Florida governor grilled on COVID hospital data

"No, no, no!"

At a heated news briefing in Miami on Tuesday, reporters grilled Florida Governor Ron DeSantis on the state's efforts to contain the coronavirus, cases of which have soared in the last month, and demanded an explanation for why he has not released the number of COVID-19 hospitalization in Florida.

REPORTER: "She's asking specifically about the number of patients."

DESANTIS: "So all the data that goes into this is all available."

REPORTER: "I have the spreadsheet from that data, Governor. It is not available."

Last week, DeSantis promised he would release the number of COVID-19 patients currently hospitalized statewide and by county, a metric reported by most other states. But he has yet to do so.

The next best thing was data published Tuesday by the state's Agency for Health Care Administration, which showed that the intensive care units at 54 hospitals across 25 counties in Florida had reached full capacity.

As of Tuesday, only 17% of the ICU beds were available statewide.

But on Tuesday, DeSantis tried to put a positive spin on the recent rise in cases.

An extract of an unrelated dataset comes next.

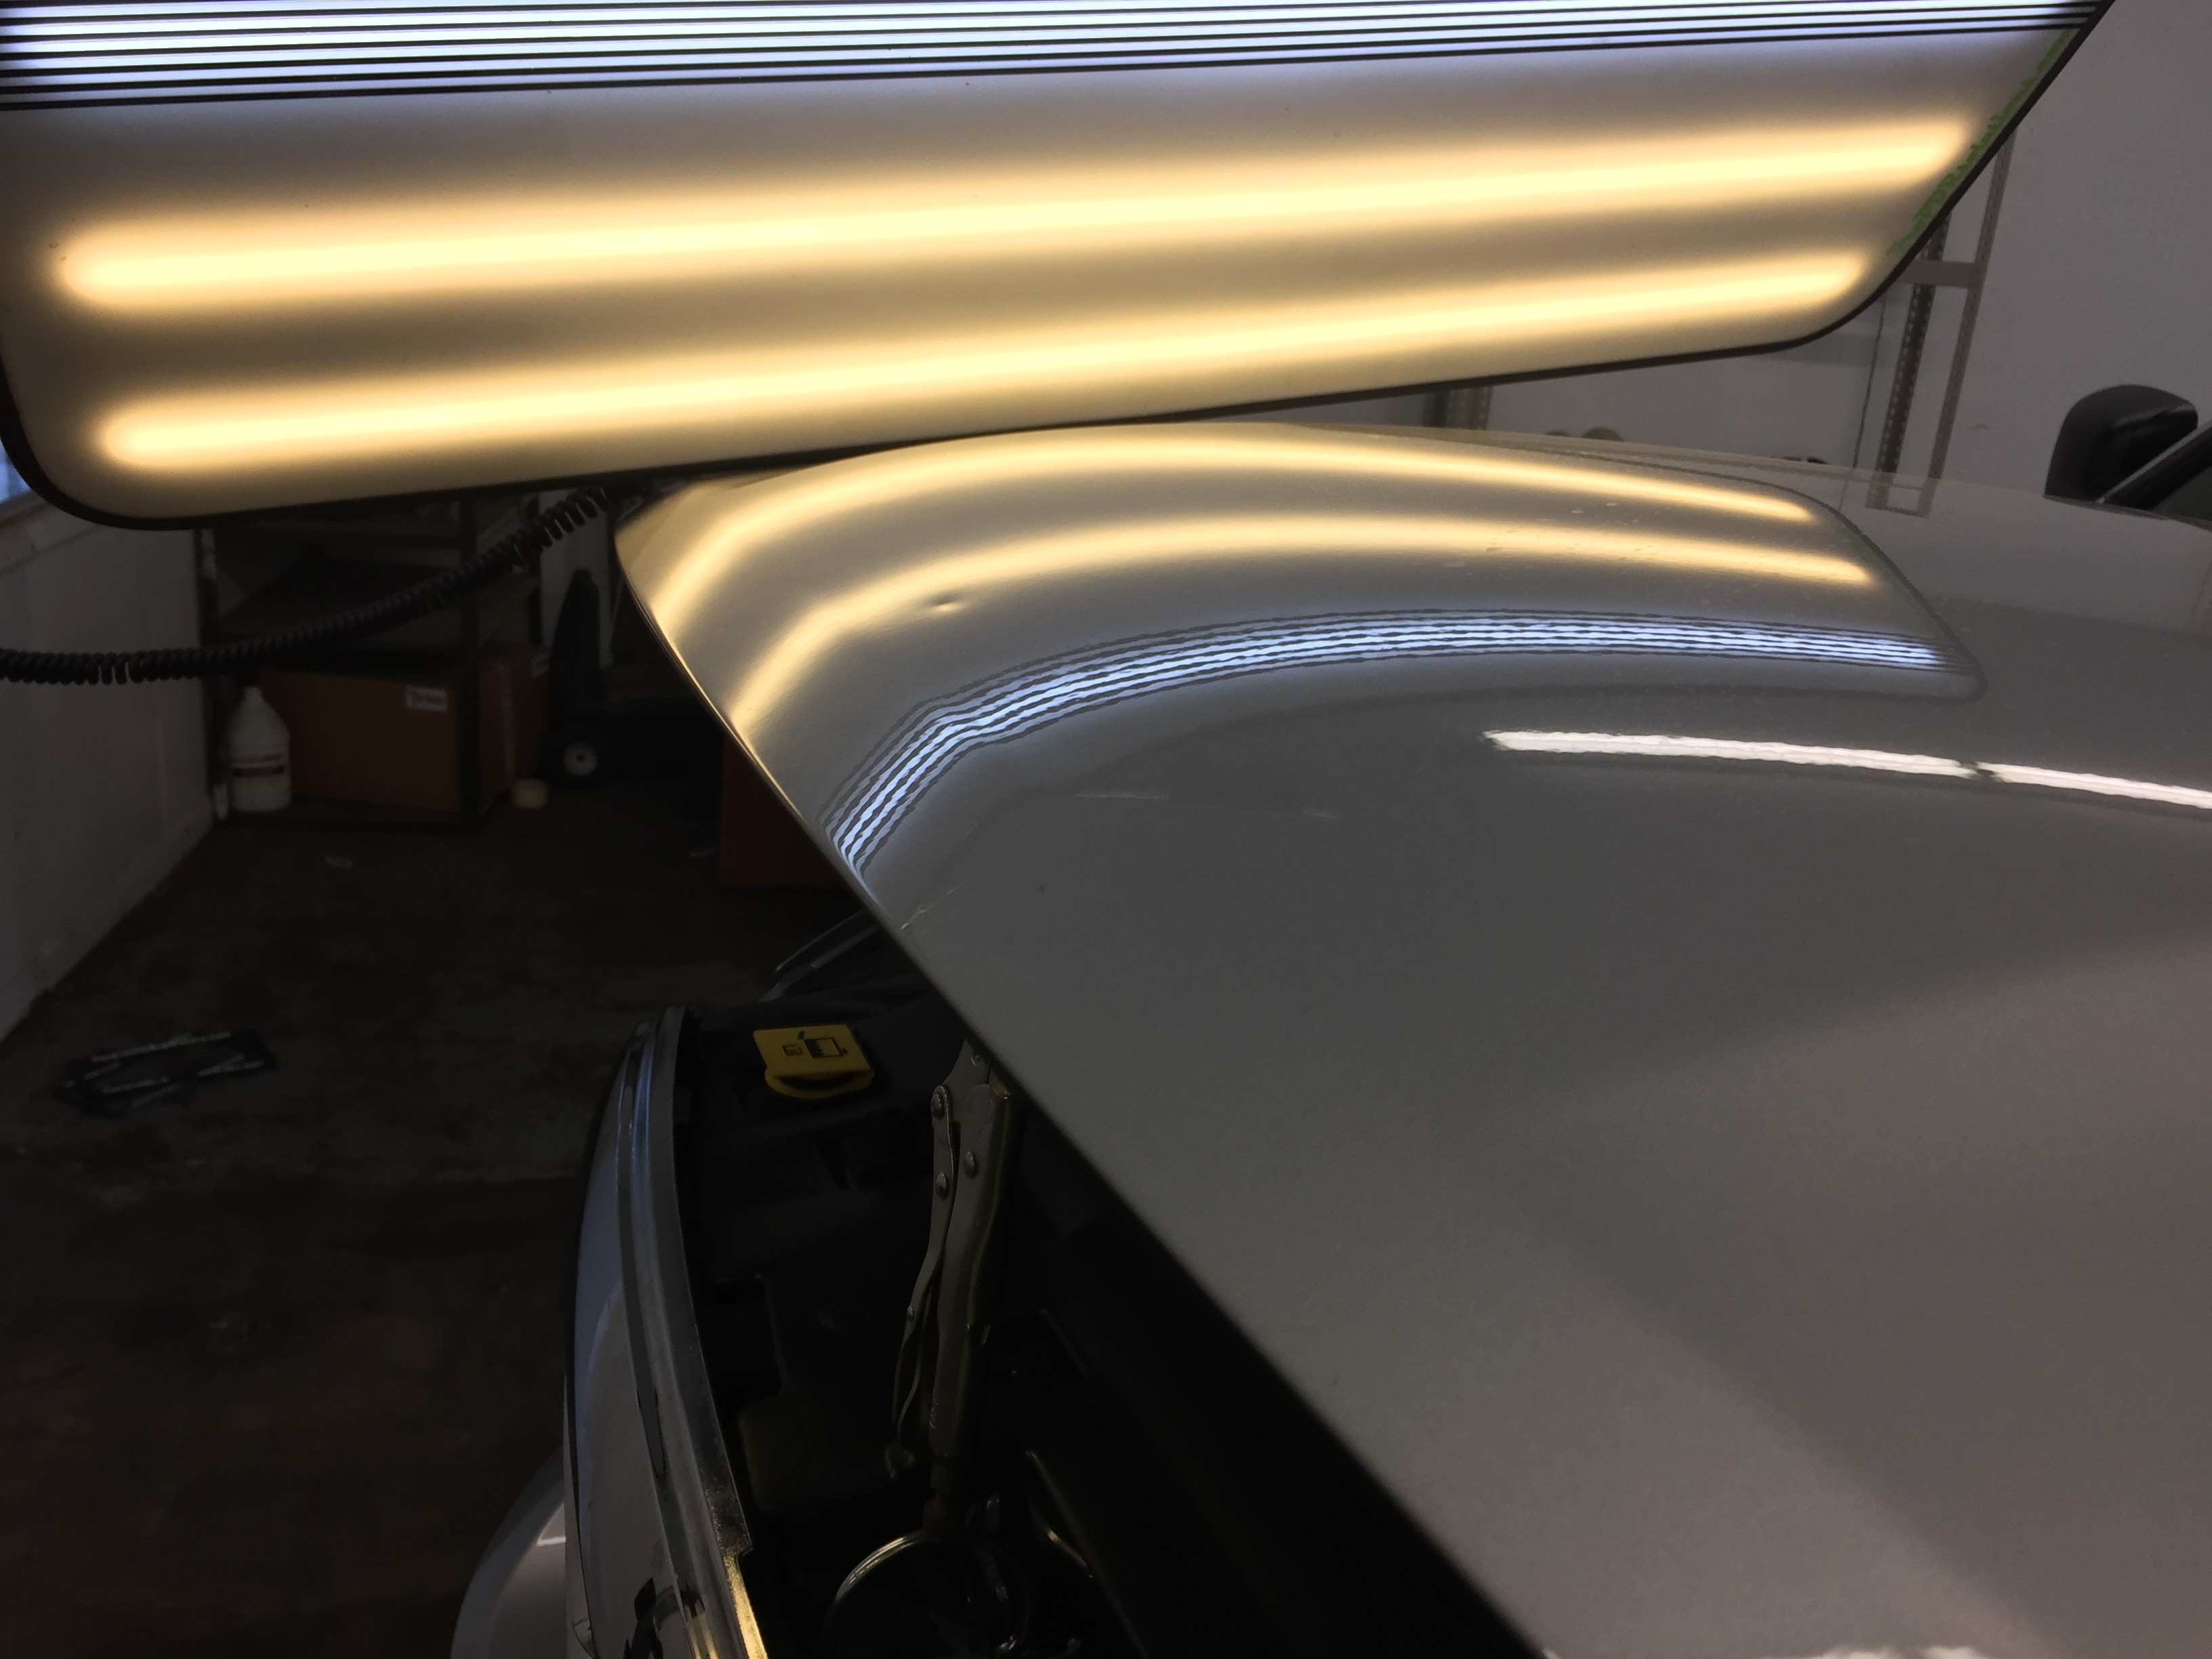 2015 Dodge Ram hail damage on hood, paintless dent repair, Springfield, IL. http://217dent.com by Michael Bocek
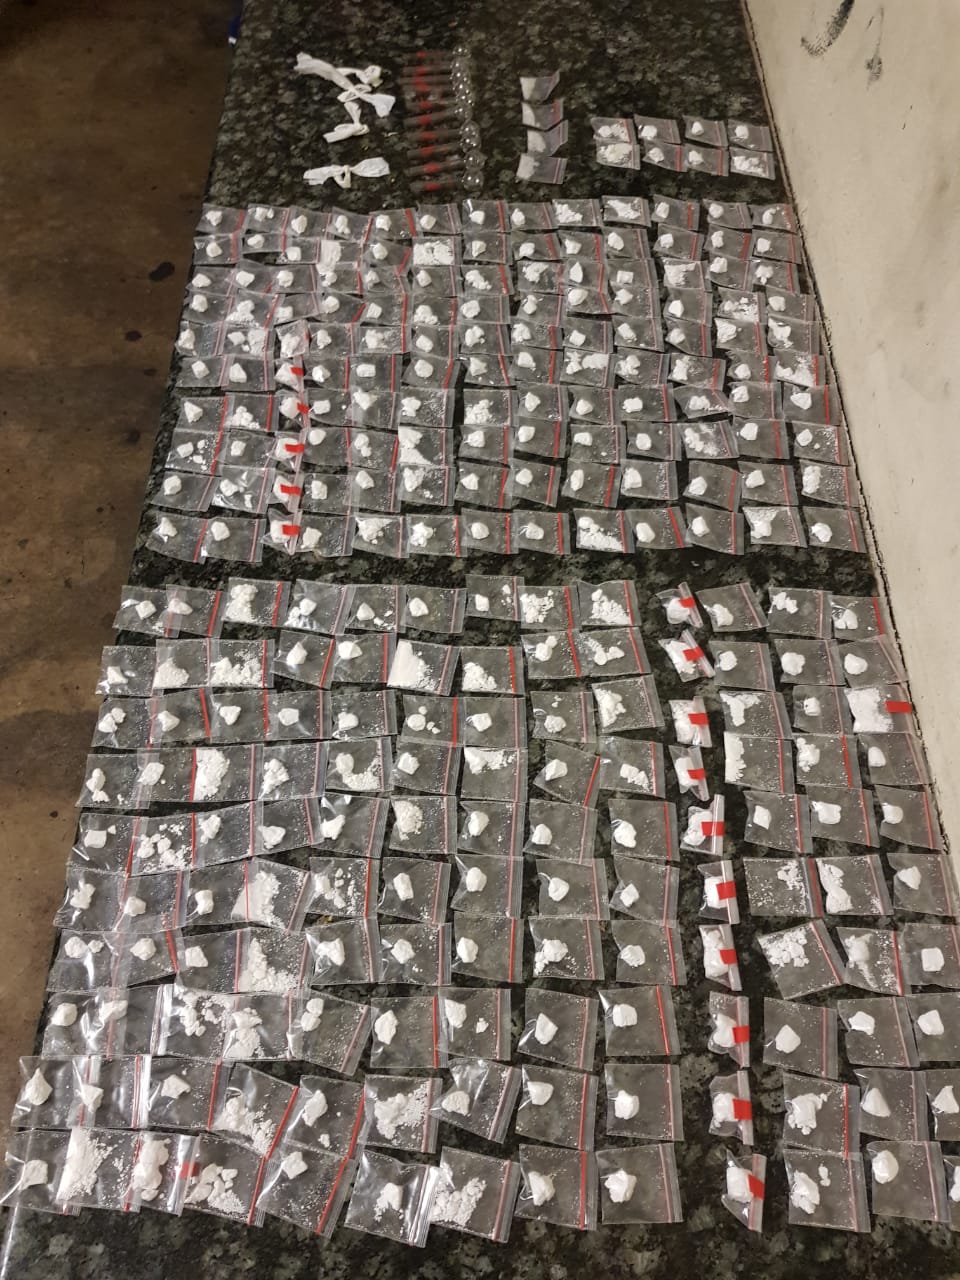 R104 000 worth of drugs seized

"The idea was flatten the curve, have a flatter curve, which meant that you'd push this out over a longer period of time... By spreading this out you now can have way more robust testing. They're testing everyone who comes through the door."

The coronavirus crisis worsened in other parts of the country, with infections now rising in 42 states.

Texas shattered records on Tuesday when it reported over 10,000 new coronavirus cases, the biggest one-day increase in the state since the pandemic started.

That news came the same day the Texas State Fair was cancelled for first time in 75 years.

Arizona saw the rate of positive tests rise to 26% for the week ended July 5. The World Heath Organization considers a rate over 5% to be troubling.

"Deaths are way down from this horrible China virus."

On Tuesday, President Donald Trump - whose handling of the crisis has been widely criticized - highlighted the fact that the mortality rate in the United States has fallen, even as hundreds of Americans continue to die from the virus each day.

U.S. coronavirus cases rose to over 3 million on Tuesday and more than 130,000 Americans have died from the virus - about a quarter of the worldwide total.

And a widely cited model from the University of Washington's Institute for Health Metrics and Evaluation projected on Tuesday that U.S. deaths would reach 208,000 by Nov. 1, two days before the presidential election.